Des causes psychologiques difficilement verbalisables

Anxiété vis-à-vis de la grossesse de la femme, rivalité face au fœtus qui prend de plus en plus de place, identification à ce dernier, ambivalence envers sa future paternité, voire carrément envie d’accoucher, le phénomène est aussi psychique et par conséquent difficilement verbalisable. A cela s’ajoutent des remarques parfois blessantes de l’entourage face à ce qui peut être considéré comme un manque de virilité et de l’hypersensibilité, poursuit Francesco Bianchi-Demicheli.

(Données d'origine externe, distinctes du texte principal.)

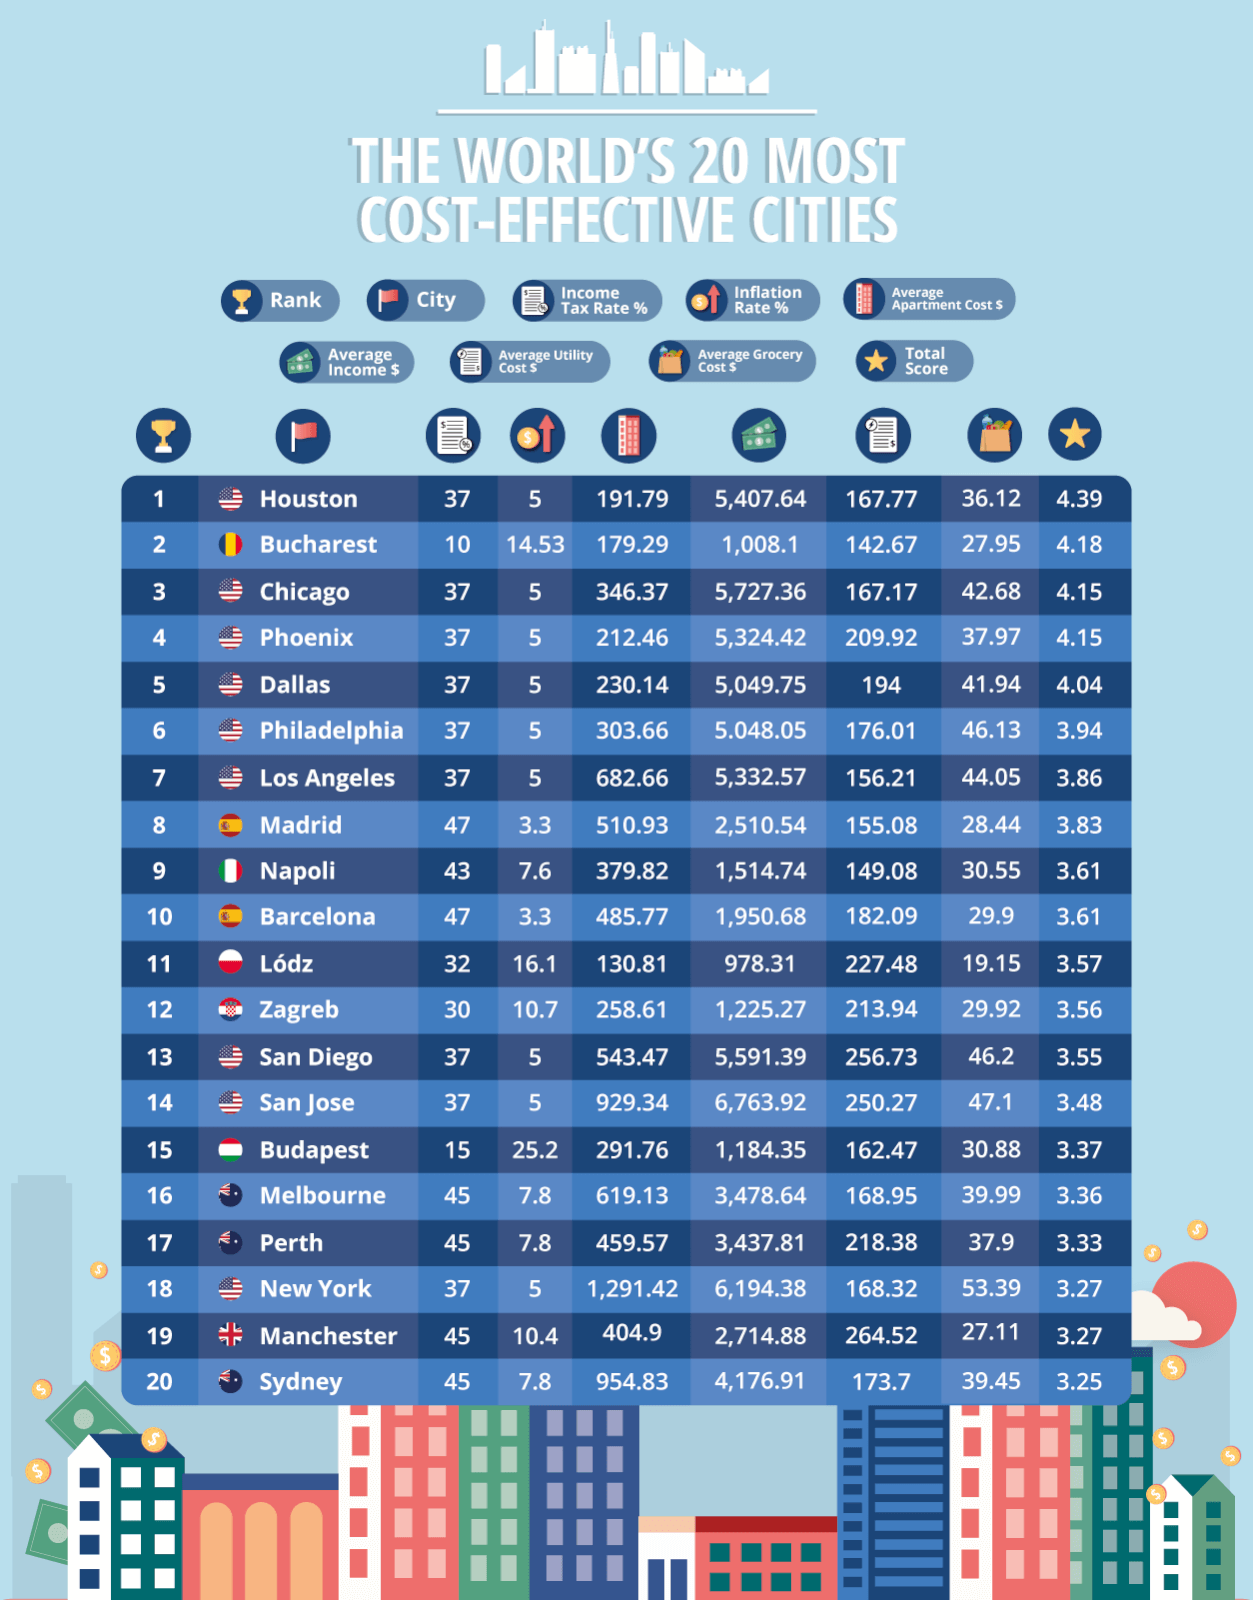 Table showing the world's 20 most cost-effective cities.
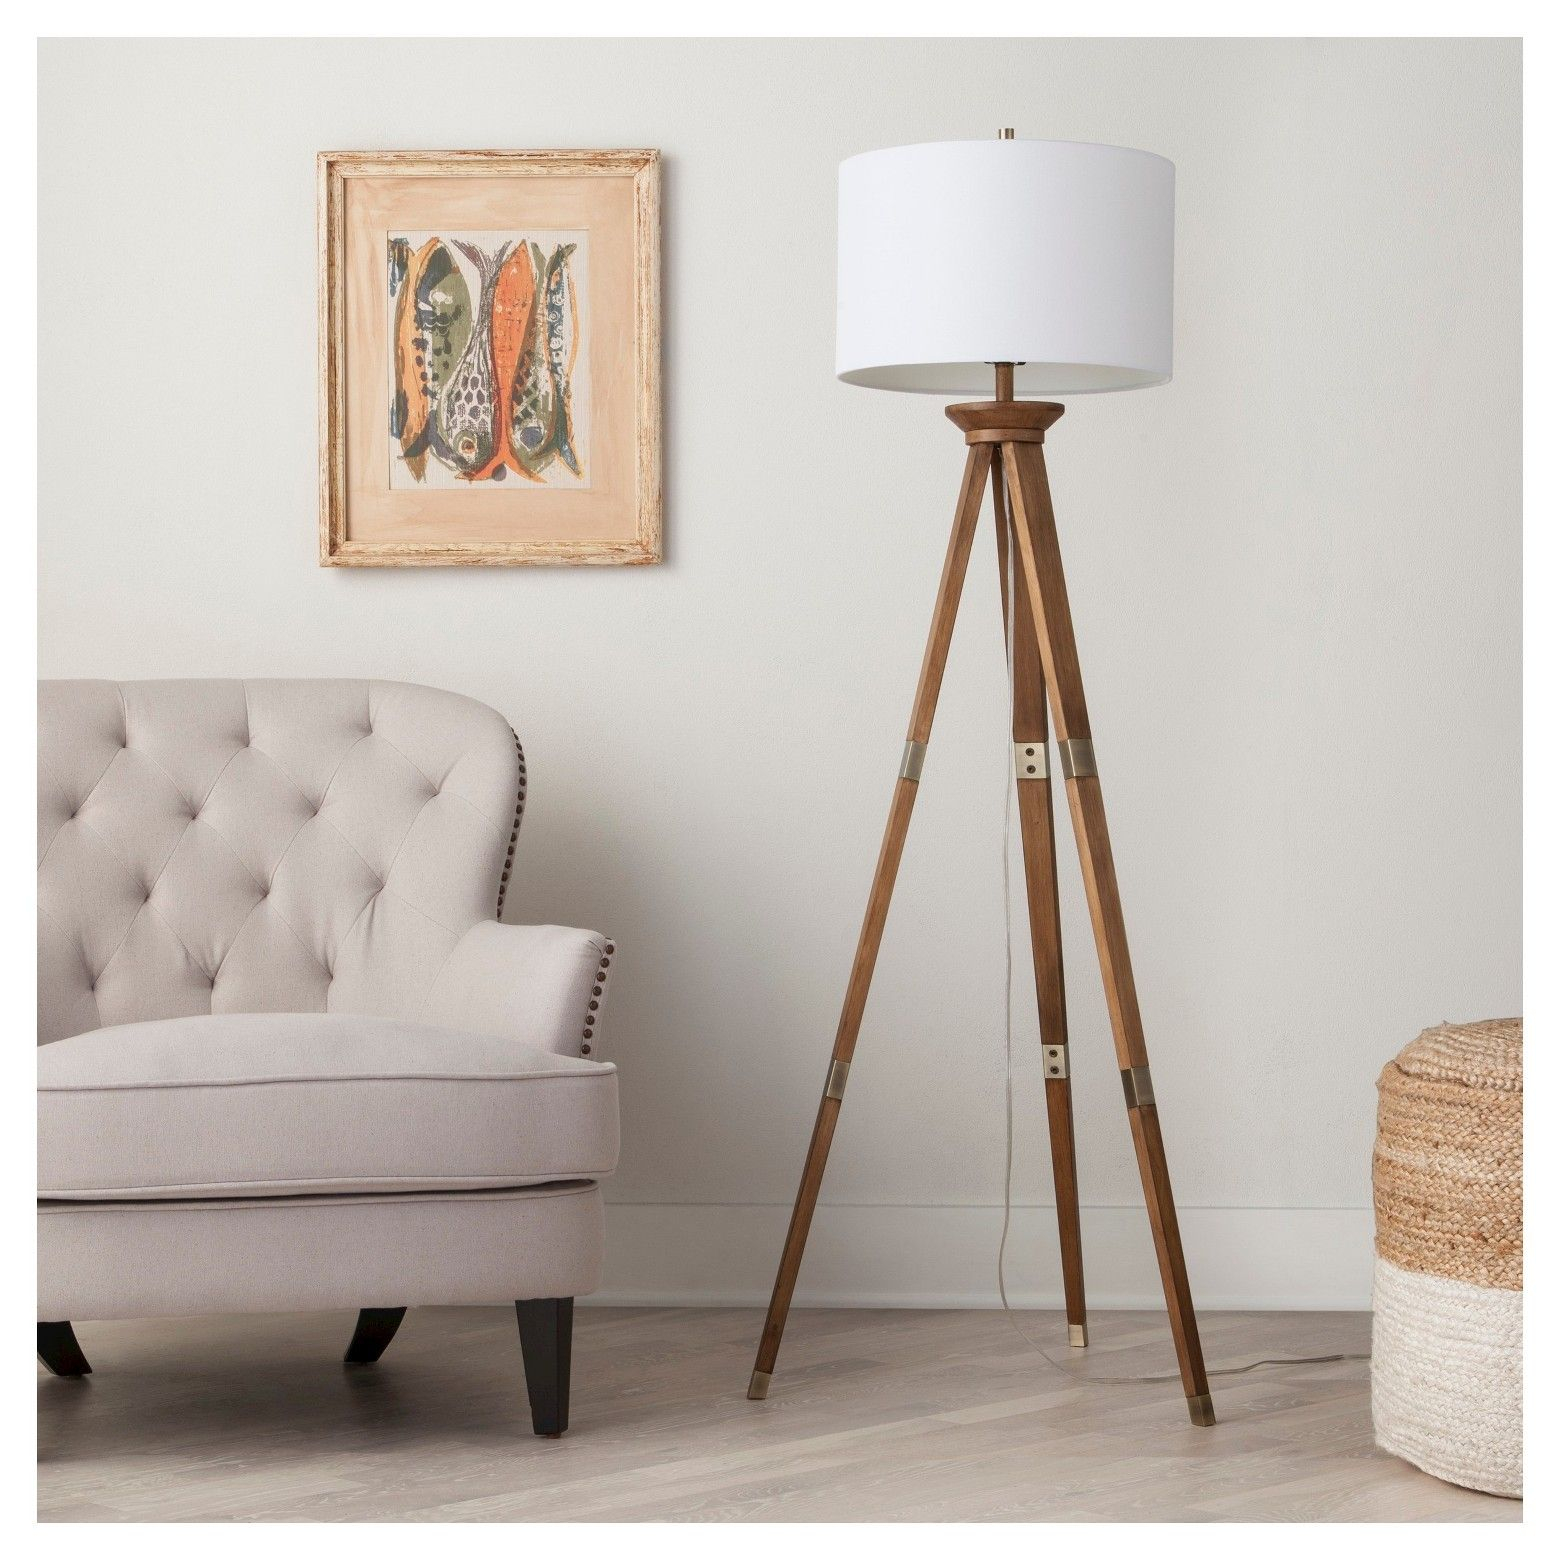 I Love This Lamp Wow My Lamp In The Living Room Doesnt regarding measurements 1560 X 1560

Lorsqu’un homme présente des symptômes de couvade, il faut se demander s’il a été oublié, laissé de côté dans cet événement qu’est la grossesse,

où l’attention est focalisée sur la mère et le fœtus, car la couvade est l’expression d’une crise psychique non résolue.» Et d’ajouter que dans des cas très rares, d’aucuns peuvent aller jusqu’à développer une réelle psychose de la paternité.

Car la pression sur les futurs papas est bien réelle: plus question d’attendre patiemment dans le couloir la naissance de leur enfant et de filer arroser l’heureux événement avec les copains avant de reprendre le travail.

Les rôles ont changé et les pères ont souvent peur de ne pas être à la hauteur. Ils se demandent où est leur place,

résume le spécialiste. Alors, face à ceux qui peinent à investir le terrain, André Berthoud enjoint de ne pas rester dans l’attentisme et des approximations du style: «On verra bien une fois que le bébé sera là.» «Je leur conseille d’aller acheter un petit cadeau pour leur futur enfant. Cela leur permet de se projeter et de ne pas rester inactifs.» Avant le grand chambardement.